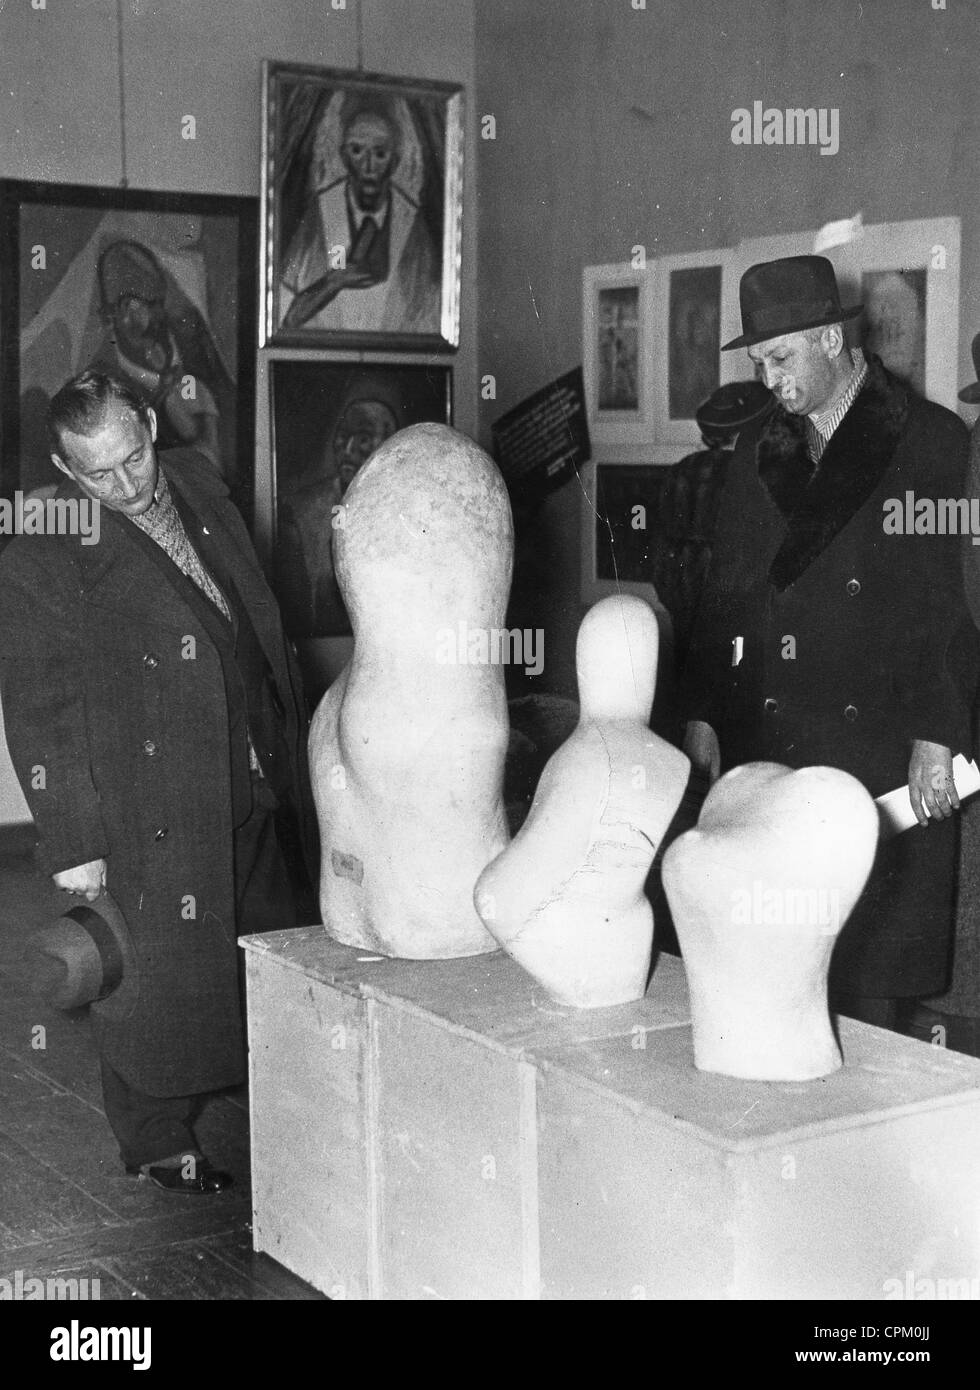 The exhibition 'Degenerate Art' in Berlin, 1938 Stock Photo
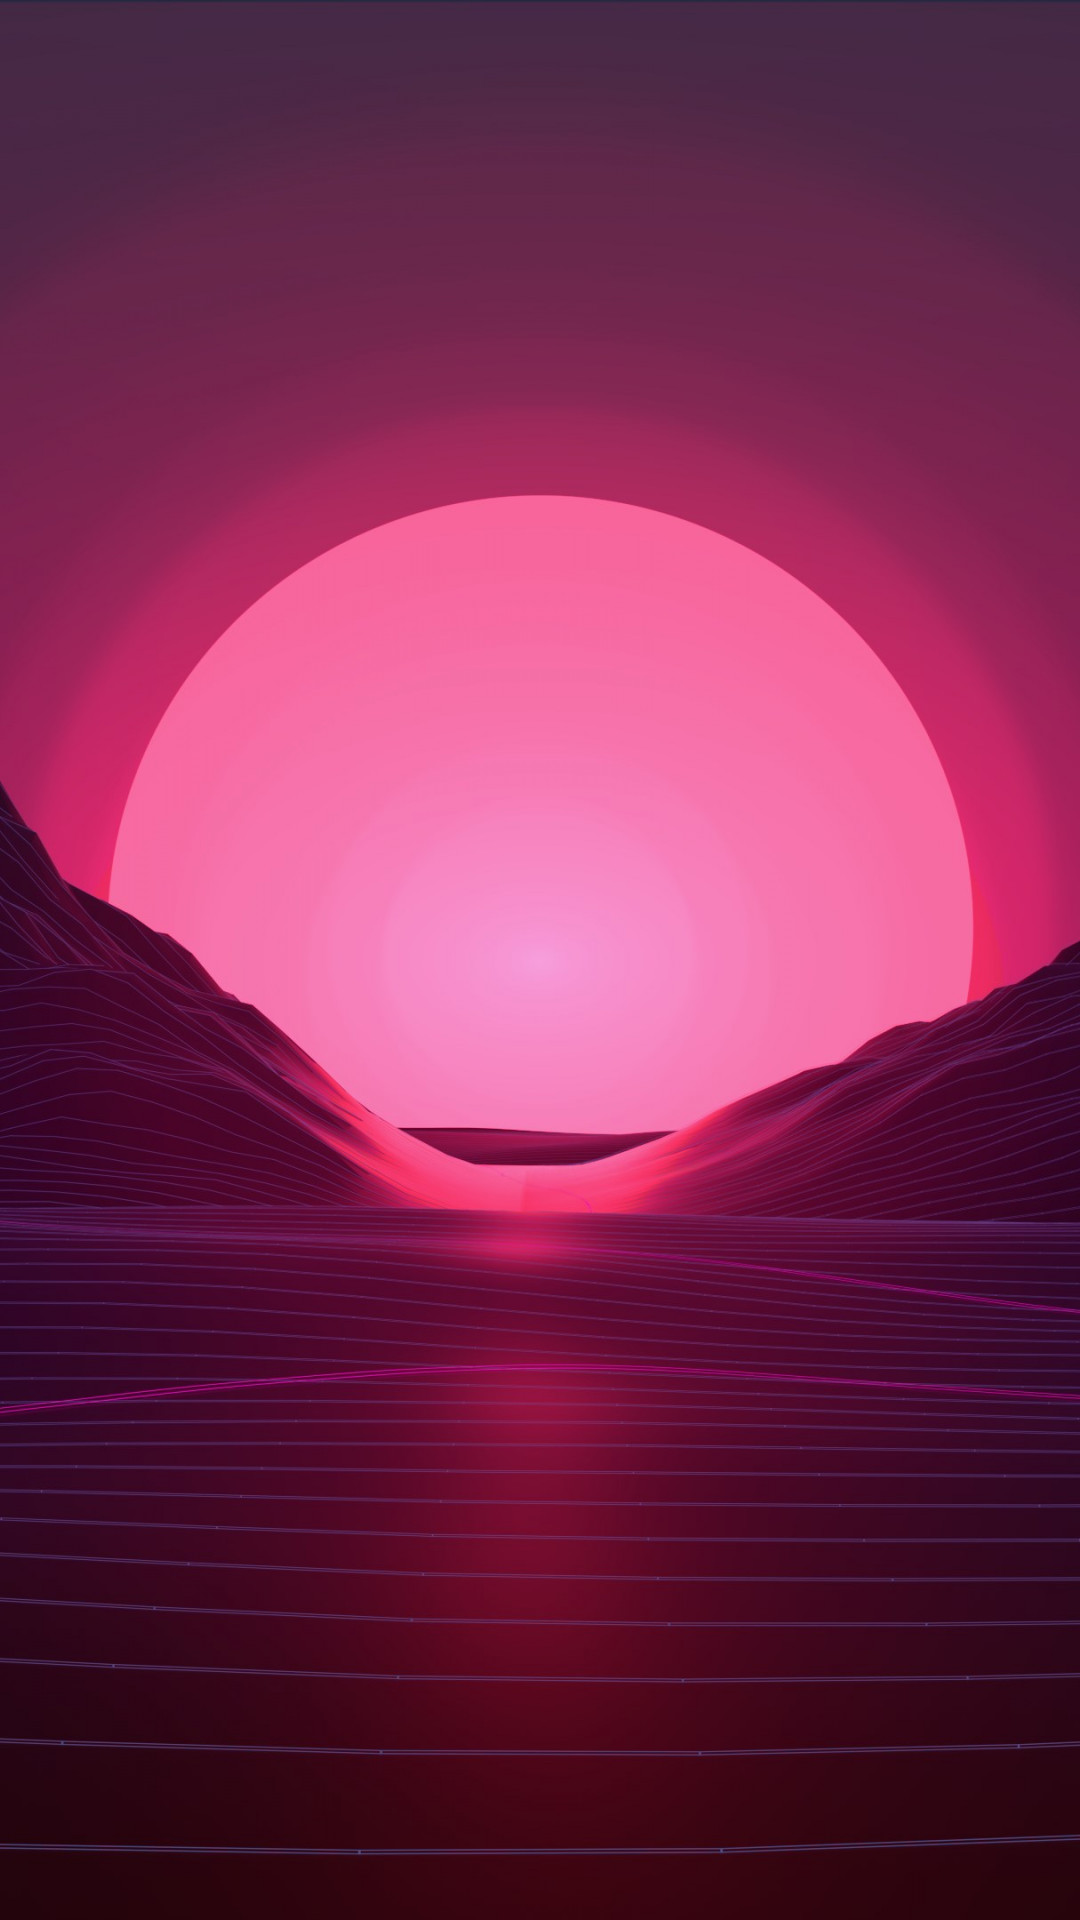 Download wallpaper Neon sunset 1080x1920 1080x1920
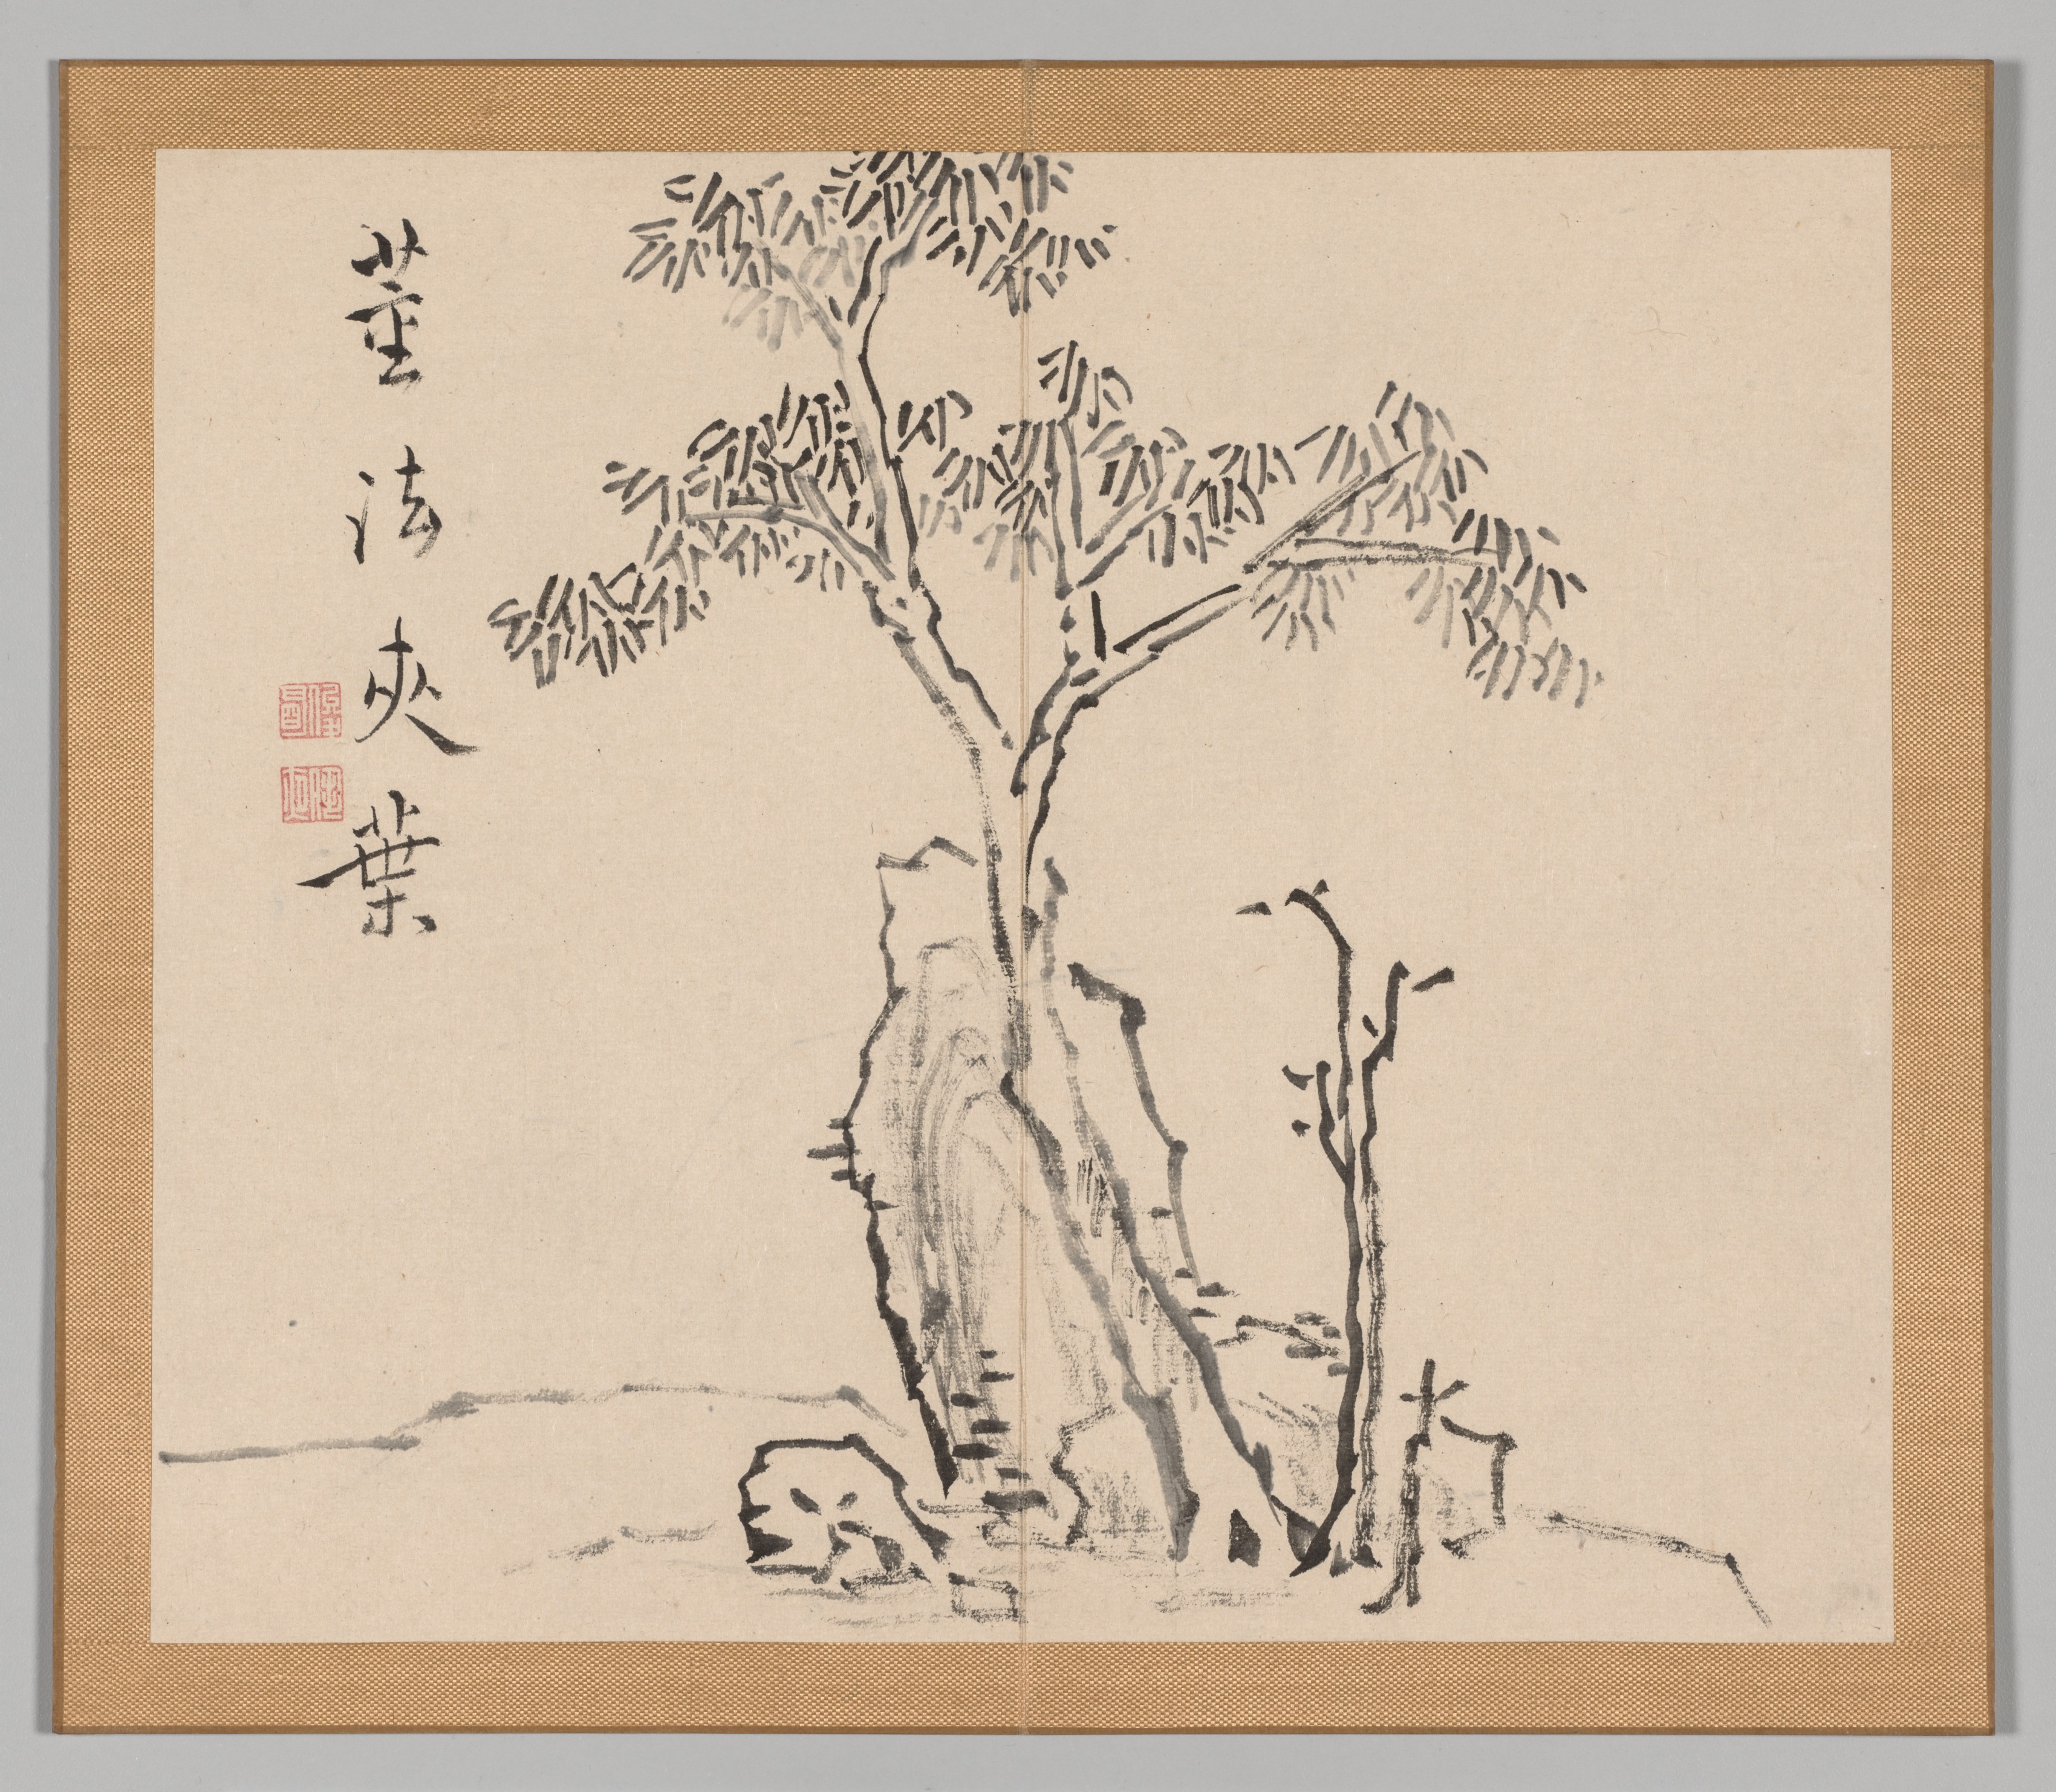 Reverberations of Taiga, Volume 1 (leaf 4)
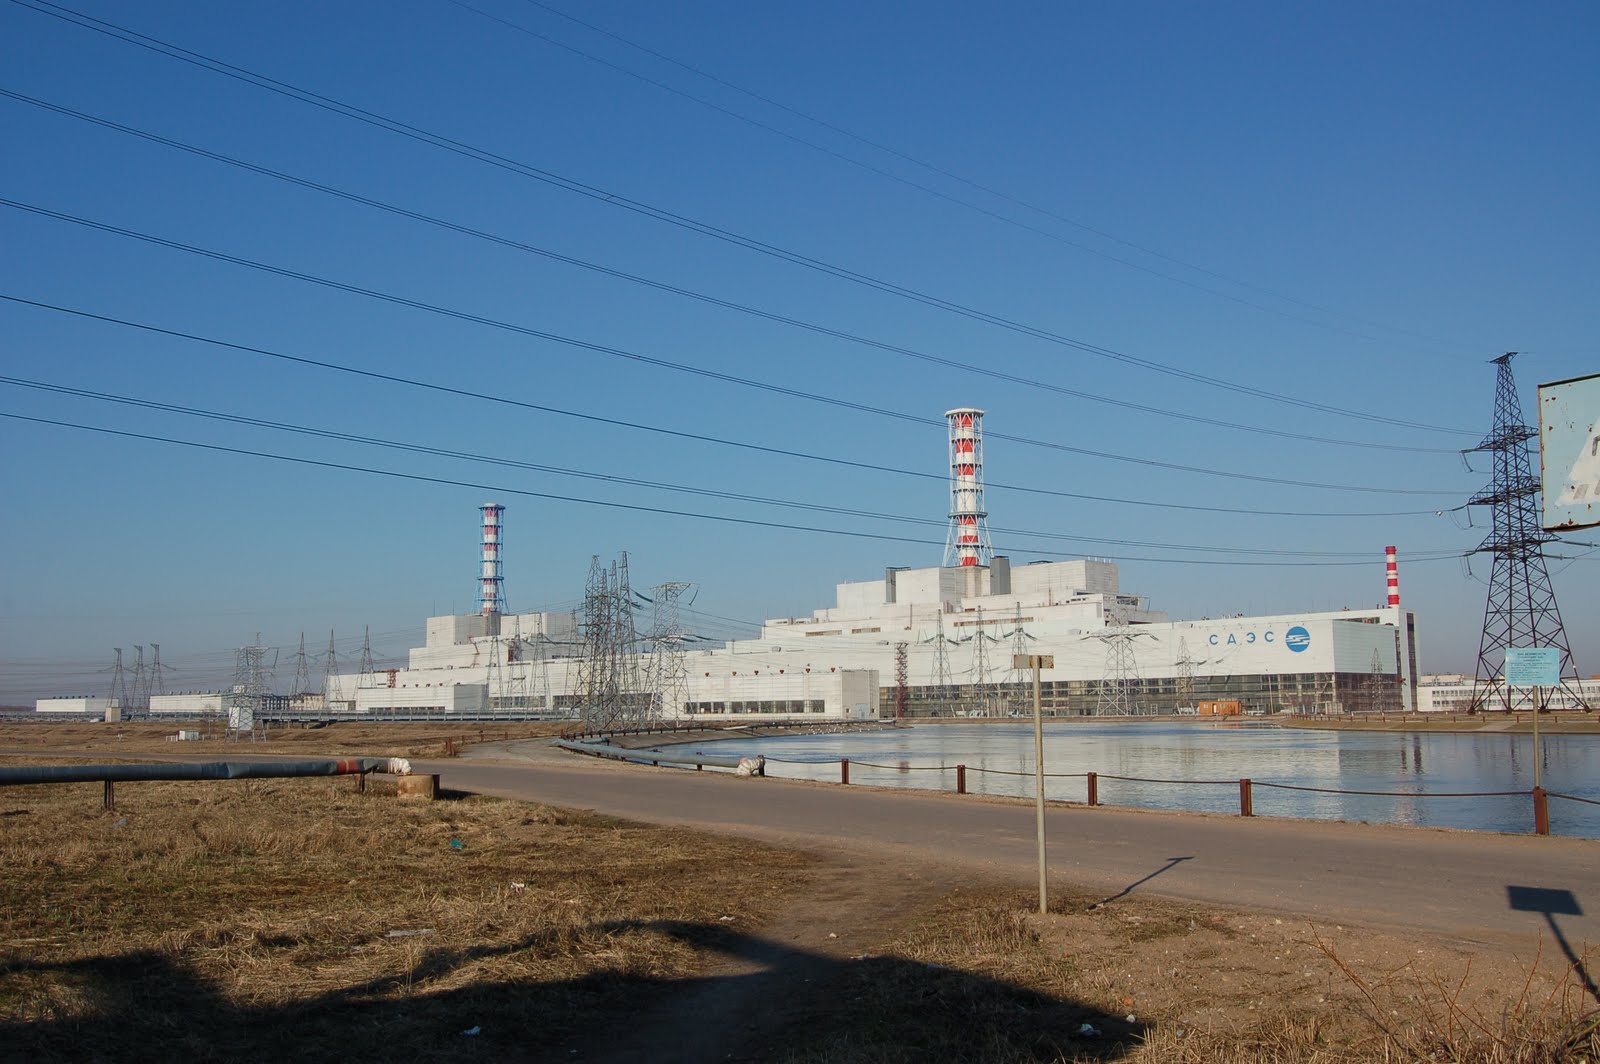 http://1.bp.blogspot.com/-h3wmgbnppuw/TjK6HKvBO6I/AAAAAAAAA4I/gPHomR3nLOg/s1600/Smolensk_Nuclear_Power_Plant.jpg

**Task details**
Restate word for word the lines from the one containing "Reverberations of Taiga, Volume 1 (leaf 4)" through the end of the material above, both included, and nothing besides; drop the pictures.

**Exercise solution**
 Reverberations of Taiga, Volume 1 (leaf 4)
 http://1.bp.blogspot.com/-h3wmgbnppuw/TjK6HKvBO6I/AAAAAAAAA4I/gPHomR3nLOg/s1600/Smolensk_Nuclear_Power_Plant.jpg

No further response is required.